Wednesday, May 30, 2012

Where One Story Begins...

I haven't had much time to think. Been working on missing assignments. Finals next week. God, so many papers. Why did I let it get so bad? Oh, because I was lazy and stupid and confused. Using the excuse that I didn't see the point in getting a good education if it's not gonna do me a damn bit of good in the world as it is now. Plus, I don't see myself important enough to find motivation to the contrary. I'm one out of a couple billion people. Honestly, chances of me making a great change to the world is slim, and unless you can make a great change to the world, your life is wasted. At least that's my mentality. Damn, didn't think I'd be this pessimistic. But I guess I am. I know where it started, but it's too late to change anything. I've tried. I found it easier not to. I've taken the path of immediate pleasures over rewarding ones after a hard day's work.
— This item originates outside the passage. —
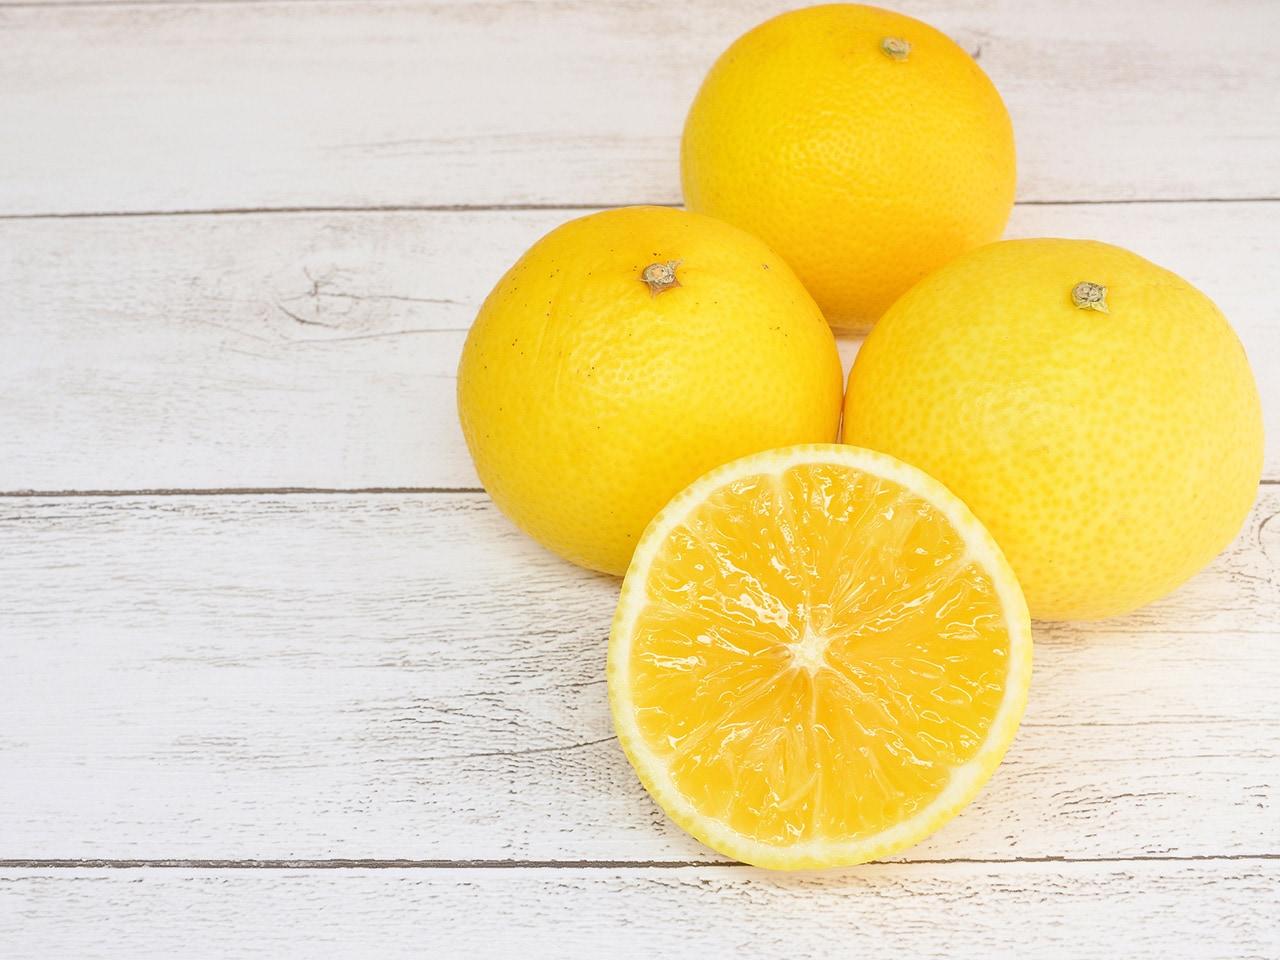 キービジュアル画像:柑橘農家の希望!爽やかな香りと上品な味わいの希少品種「湘南ゴールド」

I think I'm doomed to end up wandering the streets, homeless and hungry. With nothing but my wild imagination to escape it all. I curse it sometimes, my imagination. If I wasn't so fucking creative, I'd get shit done. I wouldn't waste my time doing trivial, unimportant things. But they aren't trivial. They are important. And a part of me hates that truth. I don't have a shred of decency, do I? Am I rambling? Wouldn't be surprised. Last few... weeks, I guess, have been on the high end of the emotional rollar coaster. So many times I thought about ending it. 'Course, I'm too much of a coward to go through with my mental threats. I don't want to feel pain before it ends. Don't want it to be a mess. Don't like knowing what's waiting on the other side. I feel like there is so much I could still do, but then I remind myself how unimportant I am to the whole of society.

Everything comes full circle.

So, I guess I'll just do what I'm supposed to do and just finish and repair my mistakes. And just live life knowing I'm part of a great machine and I will be nothing more than that.

I. HATE. FEELING. LIKE. THIS.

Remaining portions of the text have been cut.